In 1965, obviously intimate with the darker side of Elijah Muhammad’s Nation of Islam Malcolm lived
each day as if I am already dead, and I tell you what I would like for you to do. When I am dead—I say it in that way because from the things I know, I do not expect to live long enough to read this book in its finished form—I want you to just watch and see if I’m not right in what I say: that the white man, in his press, is going to identify me with ‘hate’ (389).
After his death a “new” Malcolm began to emerge: now “his attitude toward the white man underwent a marked change in 1964—a change that contributed to his break with Elijah Mohammed and his racist doctrine” and had contact with “white men who were not the ‘devils’ the had thought they were” (Introduction, xxix).
In today’s politically correct climate it would be extremely inappropriate to criticize the memory of Malcolm or his postage stamp memorial. From his death in 1965 to date there appears to be a subtle reshaping of history and values not inconsistent with “political correctness” and its intolerance. By 1999 at the ceremony for his stamp, no other than Mike Wallace, a real darling of the liberal media, took the podium and proclaimed “the stamp that honors him today is the kind of recognition he deserves as a courageous American hero” (Introduction, xvi). One is left to ponder if Malcolm would consider Wallace one of the distrusted whites exhibiting his “escapist way to salve their consciences.” If nothing else Malcolm spoke his mind, and should therefore respect anyone else doing the same.

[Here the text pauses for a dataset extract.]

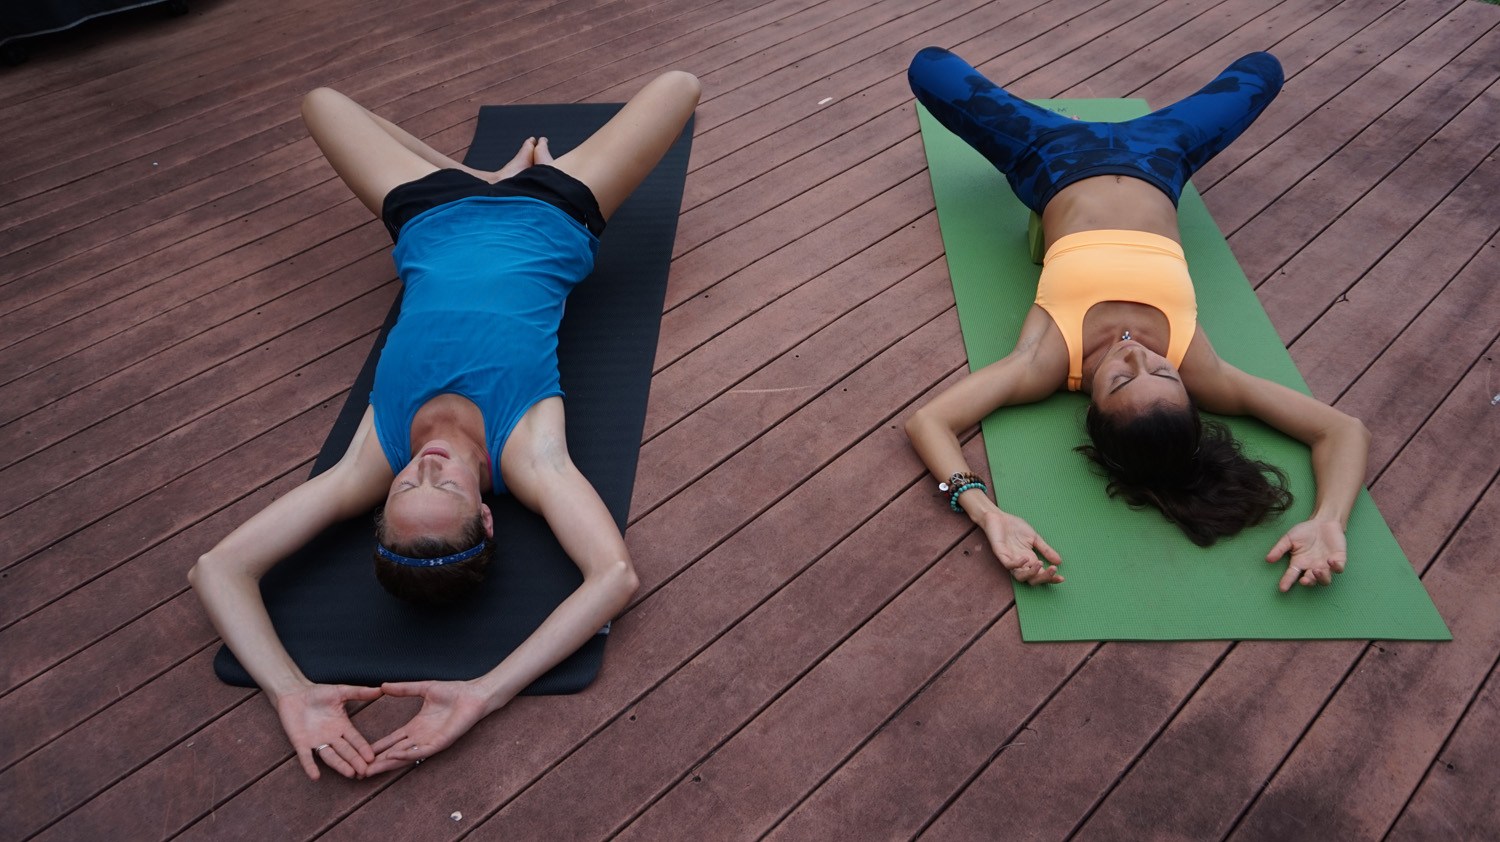 TwentyFour Seven Yoga Mats — Yoga for 2: Seven Yoga postures beginner  level, to do with your partner

There is a real problem in considering him a “hero” in any sense of the word. He was, in his own acknowledgement, a demagogue—“Yes, I have cherished my ‘demagogue’ role” (389). An “emotional dictator” “gaining power by appealing to people’s emotions and prejudices” defines the role, according to the Encarta Dictionary. This was in reality a man who “learned to hate every drop of that white rapist’s (his grandfather) blood that is in me” (3). No doubt a brilliant man he disingenuously predicts he will be “identified with hate”. And he should be surprised by that? Later apologists would insist he was struck down before white America could see him transform into some sort of voice of reason. Maybe so; but it is difficult to commend a man for what he may have been in view of what he was.
His daughter, writing the Forward to the latest edition of her father’s autobiography tells us “Behold, America. Just when our country’s cultural evolution appears to have stagnated and we’ve grown insensitive to justice…this national commemoration, three decades after his lifetime, pays tribute to his immeasurable contributions on behalf of one’s innate right to self-preservation and human dignity” (Foreword, ix). His own self-preservation is deeply suspect and there is little dignity to be seen in his unyielding attacks on anyone or anything contrary to his demagoguery. Of course he is commemorated by a stamp, how could he not be—and with due respect to his daughter—his USPS commemoration carries as much popular support and interest as any number of other commemorative issues: pasted in a philatelist’s collection but not on a national consciousness.
Works Cited
Haley, Alex, and X, Malcolm. The Autobiography of Malcolm X as told to Alex Haley.
New York: Ballantine Books, 1999.
United States Postal Service. 1999 Black Heritage Commemorative Issue, Malcolm X.